As you probably know, I try to maintain some brain activity (between to pinups) by studying maths and programmation.
I have stayed more than one year doing pratically nothing but, today I'll show you how to compute what amounts and their probability I am suppose to get or loose after playing several times a money game I know the odds.
I am no expert so the calculus might be wrong : you will have to have it verified by somebody very accurate.
A simple problem with dice:
-- I win 200€ if I get the 6 (odds 1/6)
-- I win 10€ if I get the 5 or the 4 (odds 2/6)
-- I win 0€ if I get 1 or 2 or 3 (odds 3/6).
The outcomes of the game could be memorized in a Python list:
[ [ 1.0/6 , 200 ] , [ 2.0/6, 10 ], [ 3.0/6 , 0 ] ]
Now If I play 100 times I would get some money around this amount:
100 time the mean win = 100 * E(X) = 100 * µ = 100 (200*1//6+ 10*2/6+ 0 * 3/6) = 100 *36.6 = aproximatively 3660€
But what are the probailities to get only 500€ or between only 400 and 500€ after 100 throws.:
This is the purpose of the progame I publish at this adresse
The source is a little sloopy but ,I hope still readable engough.
In the "main" part we try (not hard enough) to prepare a list of possible wins from the game exceptectation (the mean win) . We just want amount-classes to build the winning distribution.
The gen () and rec_gen() function are used tu build a list representing what append during the N experiments (throwing N times the dice).
Each position in the list give the number of occurences for each possible outcomes for exemple:
[50,20,35] says in correspodnance with the previous table [[ 1.0/6 , 200 ] , [ 2.0/6, 10 ], [ 3.0/6 , 0 ] ]
tha we won 50 times 200€ 20 times 10€ and 35 times 0€
The callback function gives control to the trial() function that will compute the amount won and its probability :
The amount won is easily calculated : gain = 50* 200 + 20 * 10 + 35 * 0
The probability of a trial corresponding to such a configuration [50,20,35] is a succession of independents experiments having this probability:
P(50,20,35) = 1/6 * 1/6 *..... *1/6 (50 times) * 2/6*2/6* ...2/6 (20 times ) * 3/6 *3/6 * ...*3/6 (35 times).
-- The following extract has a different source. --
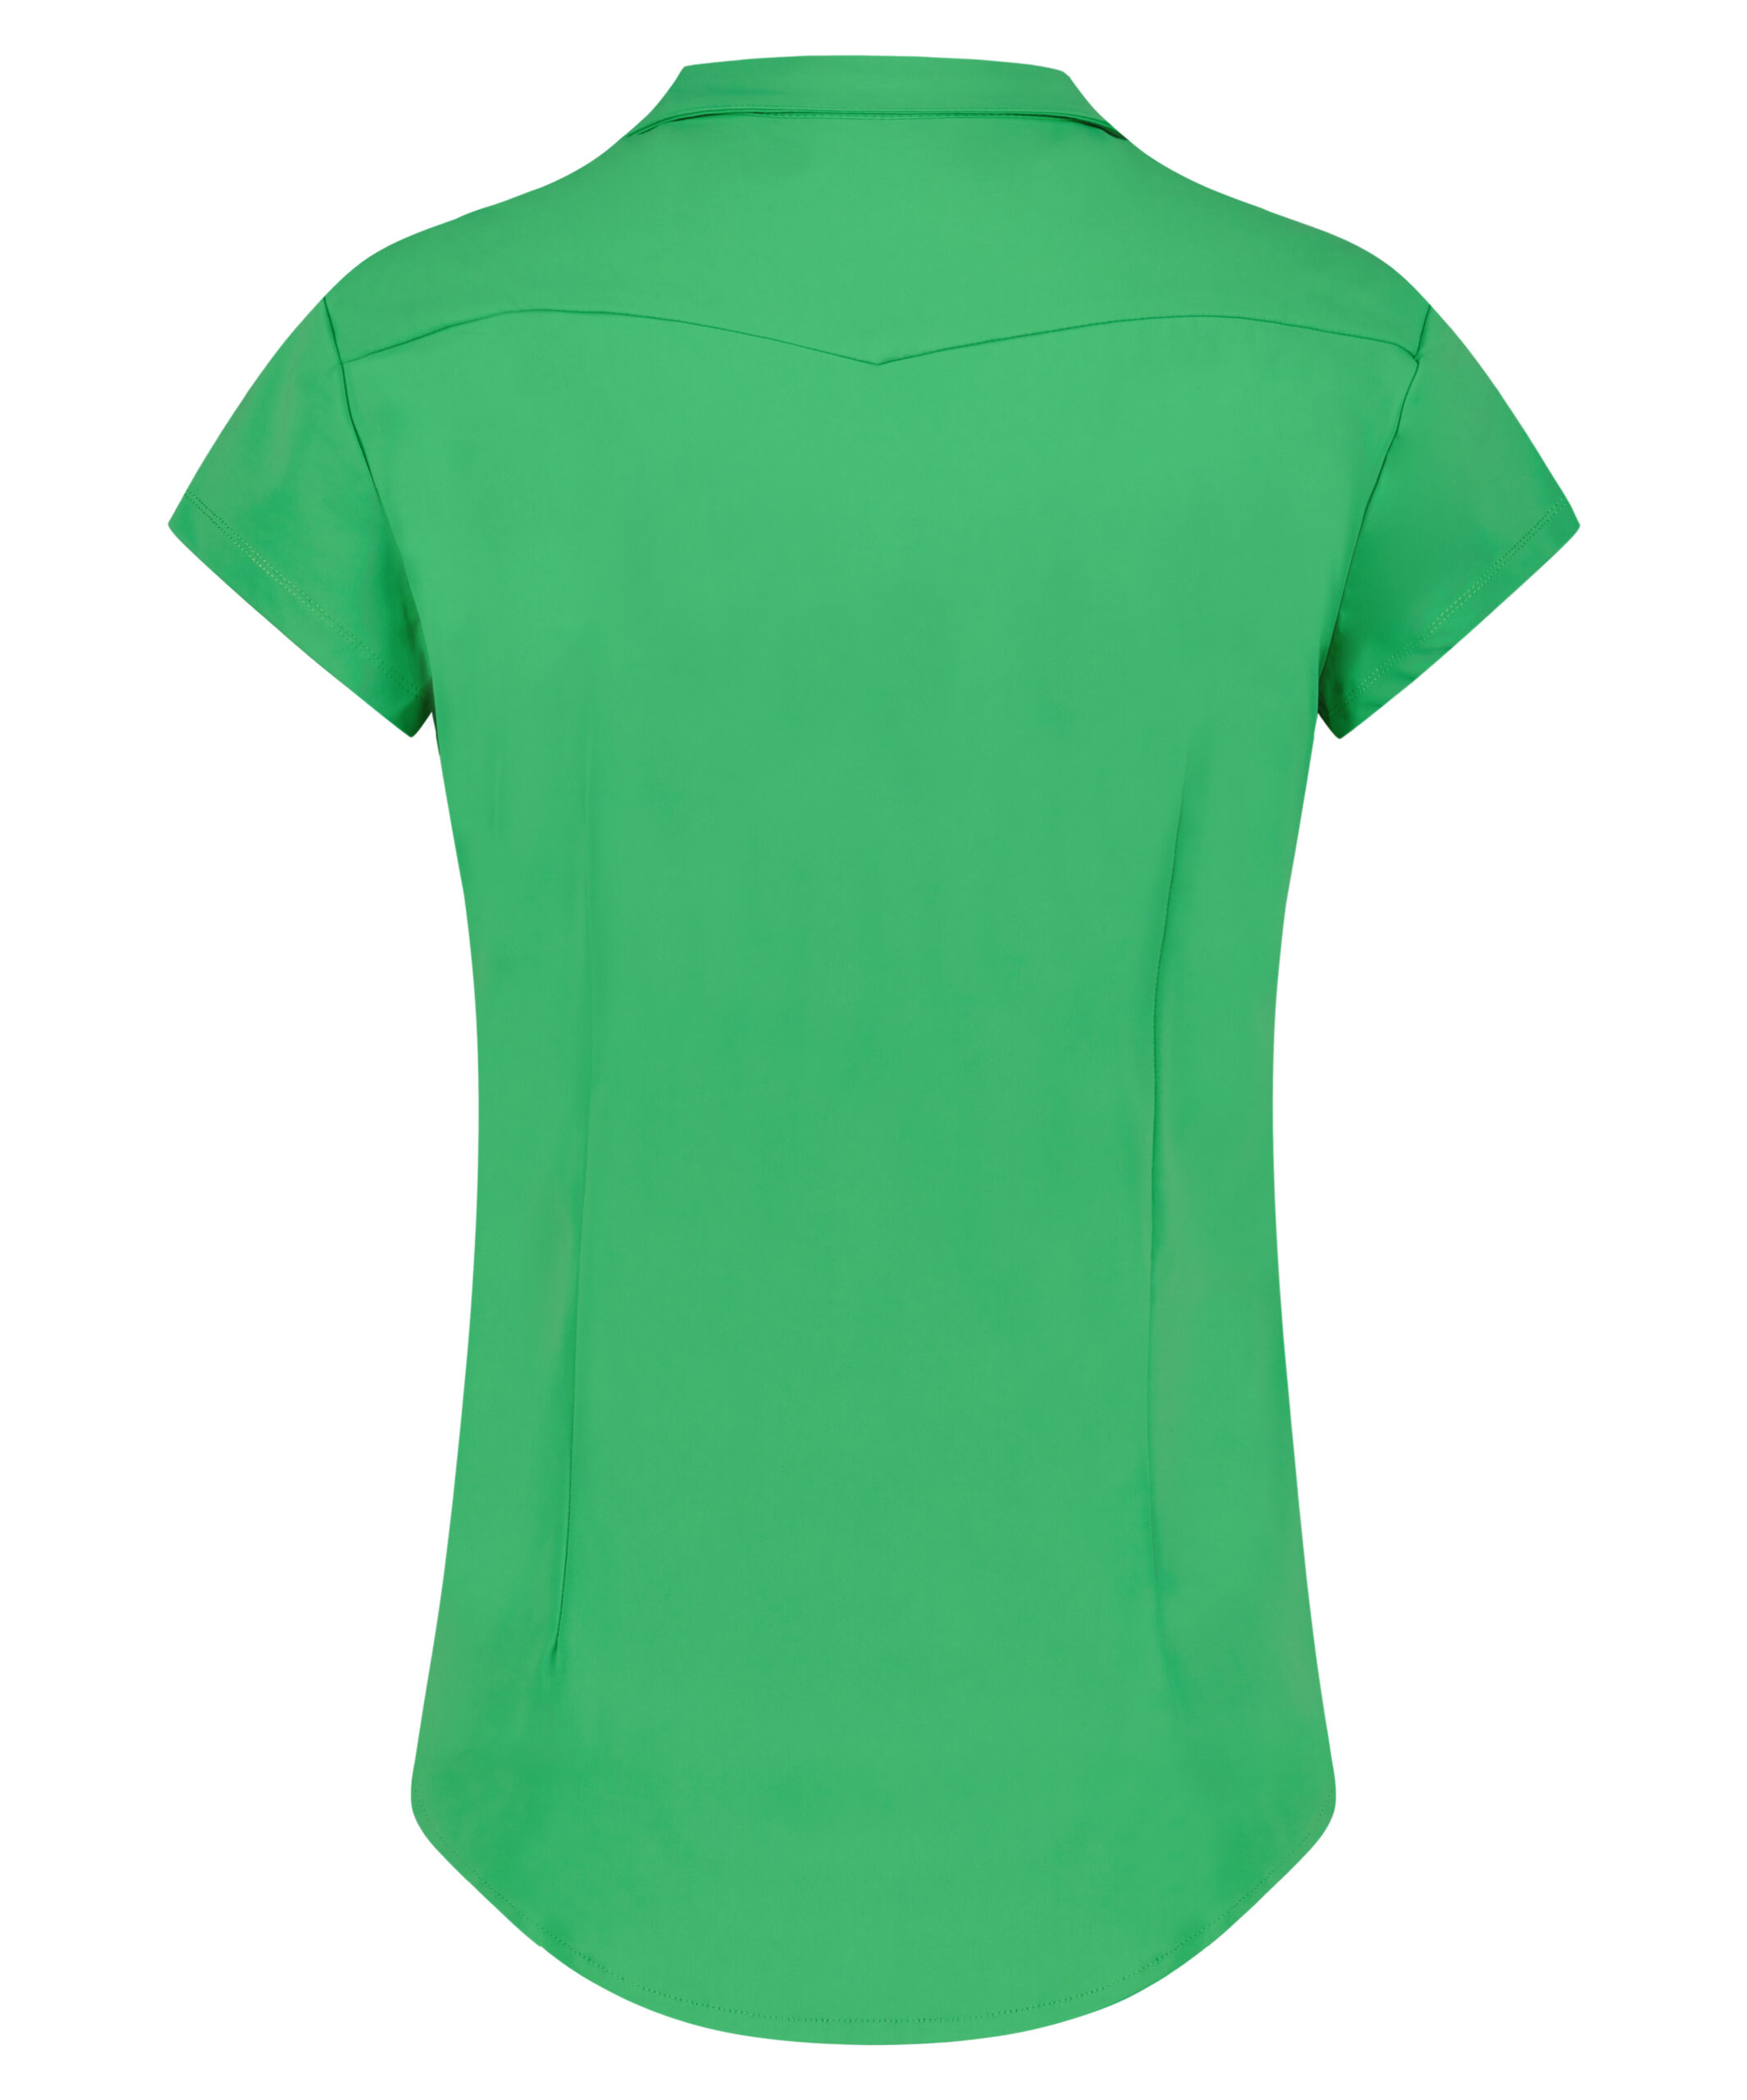 Lady Day blouse Suzy Cap Island Green

But they are many trials that correspond to [50,20,35].
I have used by the basic law of counting :
number of possible arrangements of n elements with k1, k2,.... elements being indistinguishabe.
in this case we compute a= 100! / (50! * 20! * 35!)
And the final probability for all case corresponding to [50,20,35] is P(50,20,35) * a
The last function storegain() just add the probability to the distribution-classe we have chosen using the python library bisect.
I hope it gives you a fast way to understand the pgm if you have a basic knowledge of python and probability.
As you see this methode (generating a list such as [50,20,35]) allow to evaluate very long trials without having to generate a lot of datas.
It perhaps alllready exists in some library but I didn't take the time to verify because what interests me is to invent and create.
It must be also possible to modify easily the function rec_gen() for compatibility with threads.
I just found CLT (Central Limit Theorem) in a proposed list for searching my email.
It is probably a way to warn me that the program I just proposed is not necessary.
I have even been warned in the street about this: "he made a fool of him-self, it can be computed very easily with the help of the CLT".
The distribution I try to compute is effectively approximately Normal when throwing n times the dice (n sufficiently big).
So you can find the parameters of the ( Normal Distribution) as an approximation with the help of Var(Xn) = n * Var(X) and
E(Xn) = n * E(X) and
Xn= sum of the Xi
But depending on the precision you need you might prefer the program I propose. For illustration I will soon show you a graph of the distribution using moderately narrowed gain-amount classes for N=100 throws.
With the basic dice distribution I have used in the program, the result is alike a positive sinusoidal signal modulated by a standard normal signal.
To demonstrate this I have a new version of the program that depend on the matplotlib.pyplot python module (to be installed).
https://pastebin.com/sAFJR65x and giving:
This is all the gain (x) and probablity (y) generated by the program and not grouped in class (amount range).
At least not very feminin!